Excluding the contact feature from the clustering process ensures that the resulting segments are more meaningful and unbiased. By removing this operational variable, the analysis focuses on more intrinsic attributes, allowing the clusters to better reflect natural patterns in the data rather than being influenced by the bank's communication methods. This approach enhances the clarity and actionability of the segments, making them more suitable for developing targeted strategies and driving effective marketing decisions. For the features with low missing percentages (job, marital, education, housing, loan) we substitute the unkown values with the mode.


In [None]:
# Drop the 'contact' feature from the dataset
ds = ds.drop(columns=['contact'])

# List of features to impute
features_to_impute = ['job', 'marital', 'education', 'housing', 'loan']

for feature in features_to_impute:
    mode_value = ds[ds[feature] != 'unknown'][feature].mode()[0]
    ds.loc[ds[feature] == 'unknown', feature] = mode_value
    print(f'Imputed "unknown" in {feature} with mode: {mode_value}')


### Outliers handling


#### 1. pdays feature
- Create a binary feature indicating whether the customer was previously contacted.
- Set pdays to NaN or another placeholder value for customers not previously contacted.

#### 2. duration feature
- Winsorize outliers by capping extreme values at the 99th percentile to reduce their impact while retaining all data points.

#### 3. campaign feature
- Cap values at the 95th percentile to address extreme cases and improve consistency.


In [None]:
# 1. Handling outliers in 'duration'
duration_99 = ds['duration'].quantile(0.99)
print(f"99th percentile of 'duration': {duration_99} seconds")

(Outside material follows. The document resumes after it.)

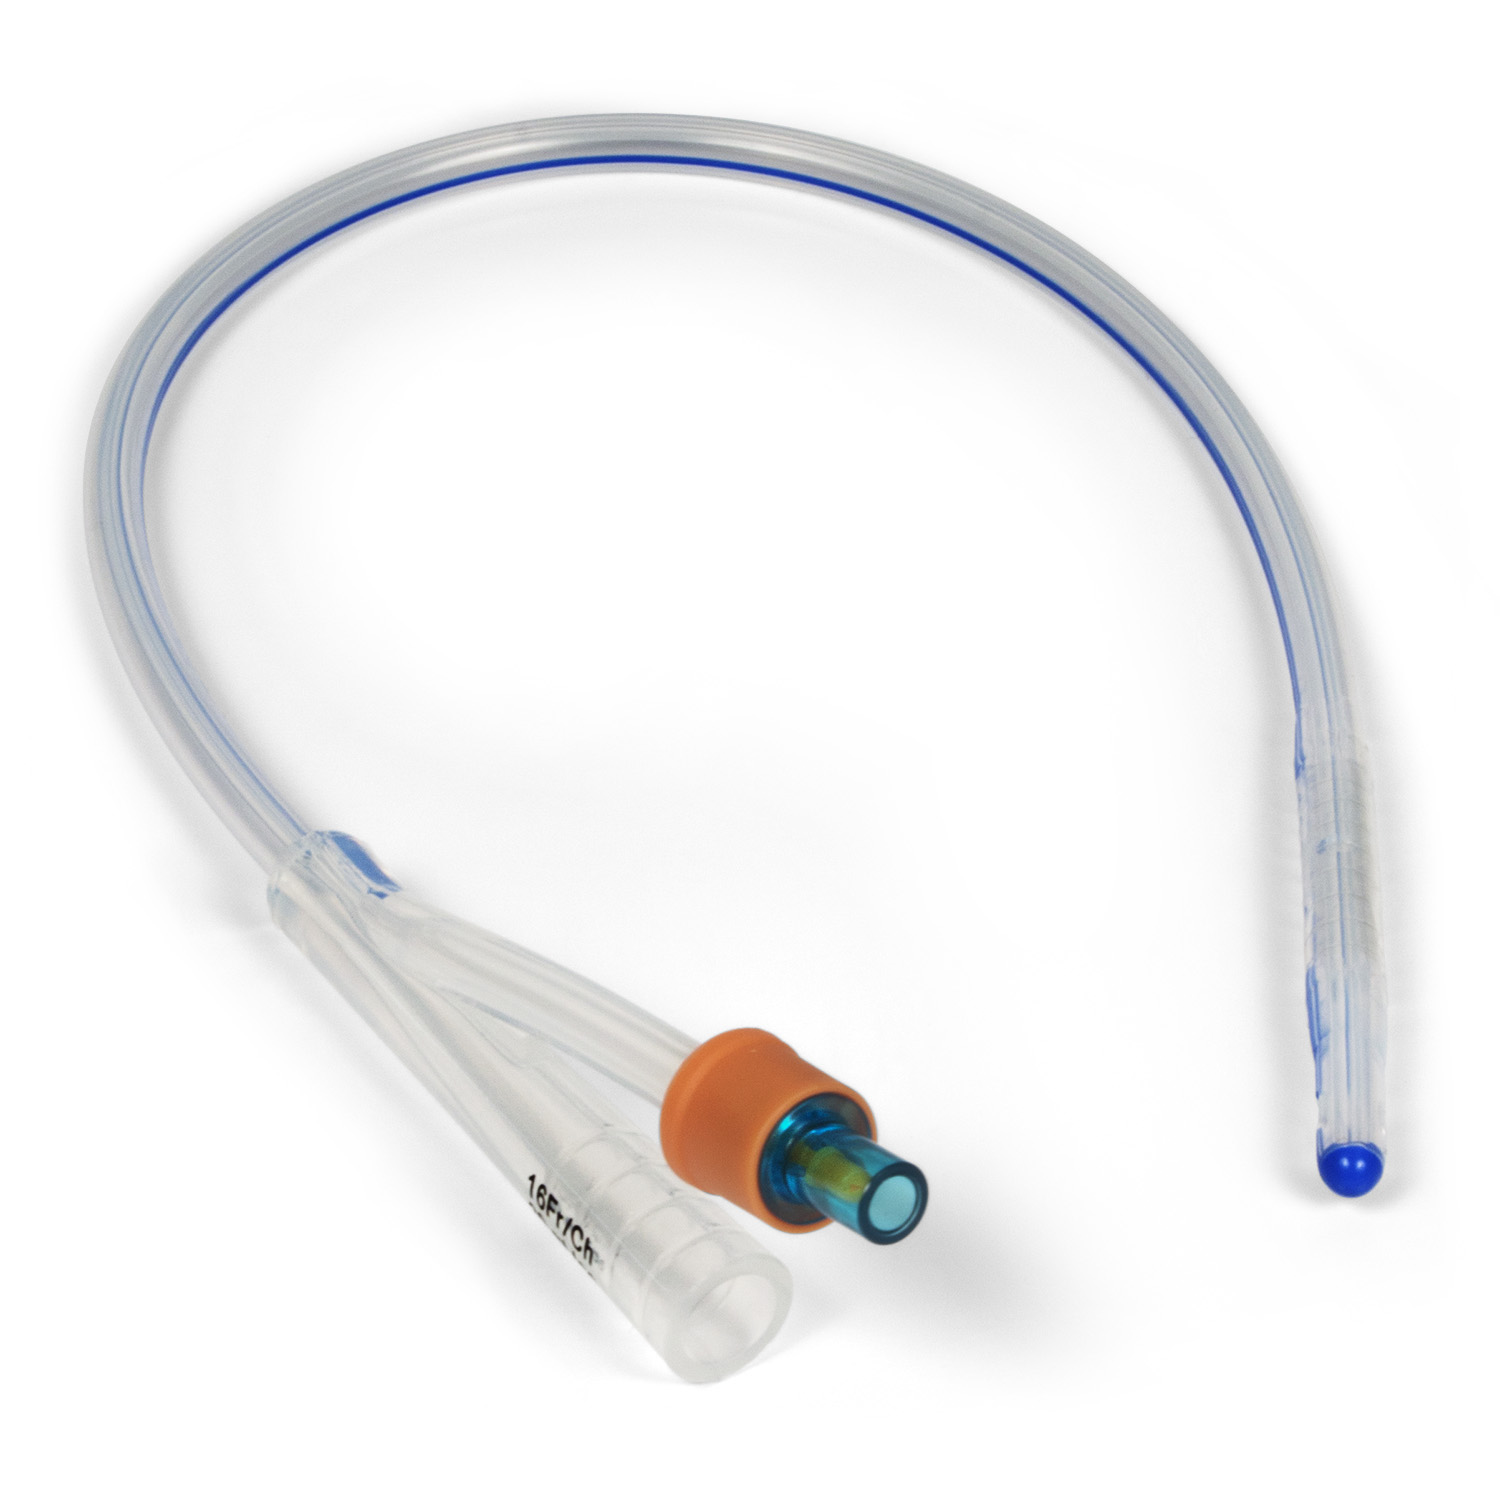 Silicone Foley Catheters 2-way Standard - 24FR / 5-10cc
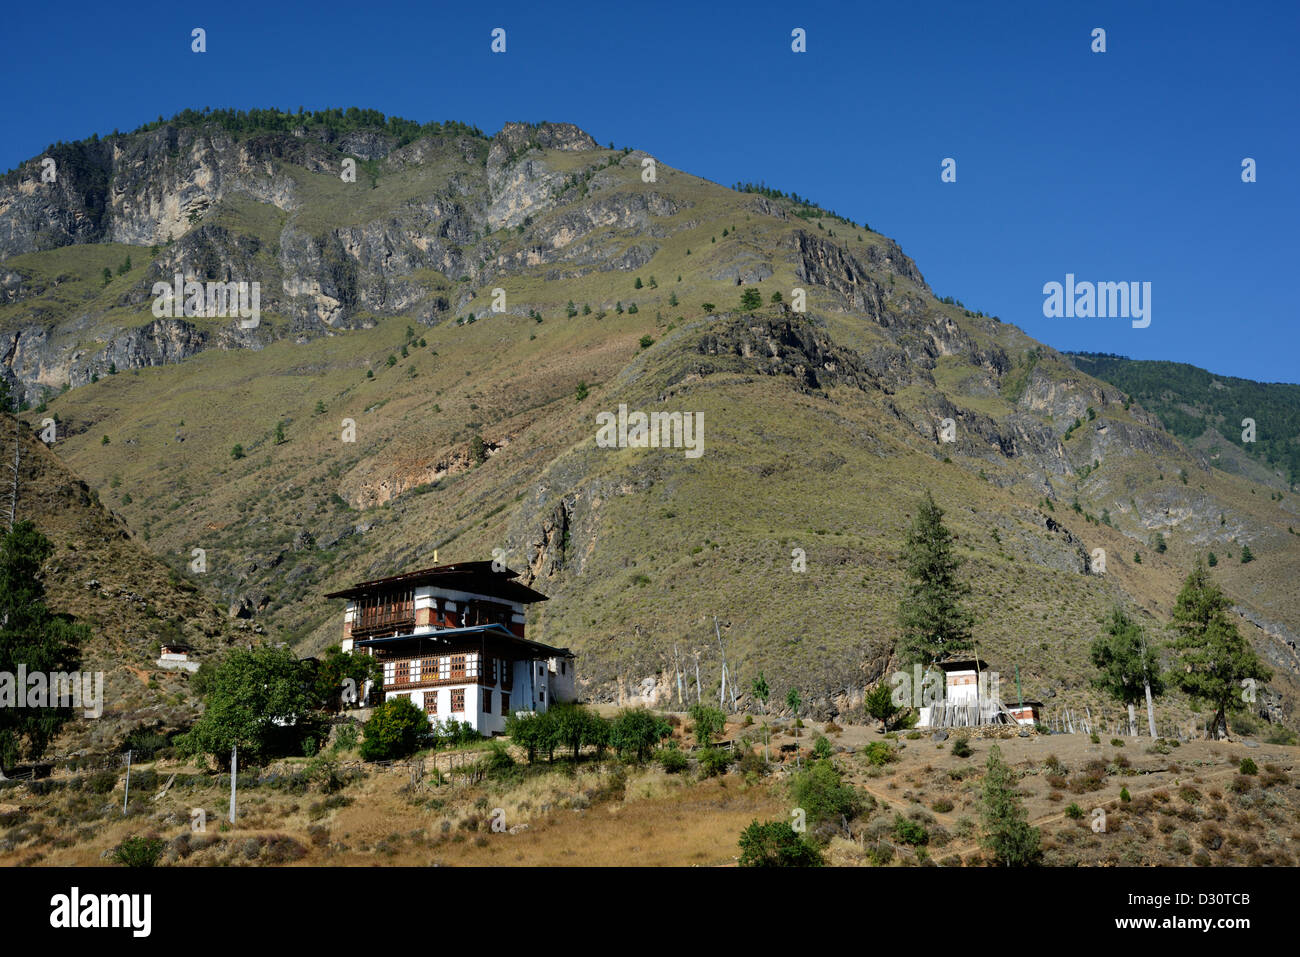 Bhutan-Tempel, Tachog Lhakhang, mit Berg in Ferne, 36MPX, HI-RES Stockfoto

ds['duration_capped'] = np.where(ds['duration'] > duration_99, duration_99, ds['duration'])

# Visualize 'duration_capped'
plt.figure(figsize=(6, 4))
sns.histplot(ds['duration_capped'], bins=30, kde=True)
plt.title('Distribution of Duration after Capping Outliers')
plt.xlabel('Duration (seconds)')
plt.ylabel('Frequency')
plt.tight_layout()
plt.show()

# 2. Handling 'pdays'

ds['previously_contacted'] = np.where(ds['pdays'] != 999, 1, 0)
ds['pdays_cleaned'] = ds['pdays'].replace(999, -1)



# Visualize 'pdays_cleaned'
plt.figure(figsize=(6, 4))
sns.histplot(ds['pdays_cleaned'], bins=30, kde=True)
plt.title('Distribution of pdays after Cleaning')
plt.xlabel('pdays')
plt.ylabel('Frequency')
plt.tight_layout()
plt.show()

# 3. Handling outliers in 'campaign'
campaign_95 = ds['campaign'].quantile(0.95)
print(f"95th percentile of 'campaign': {campaign_95}")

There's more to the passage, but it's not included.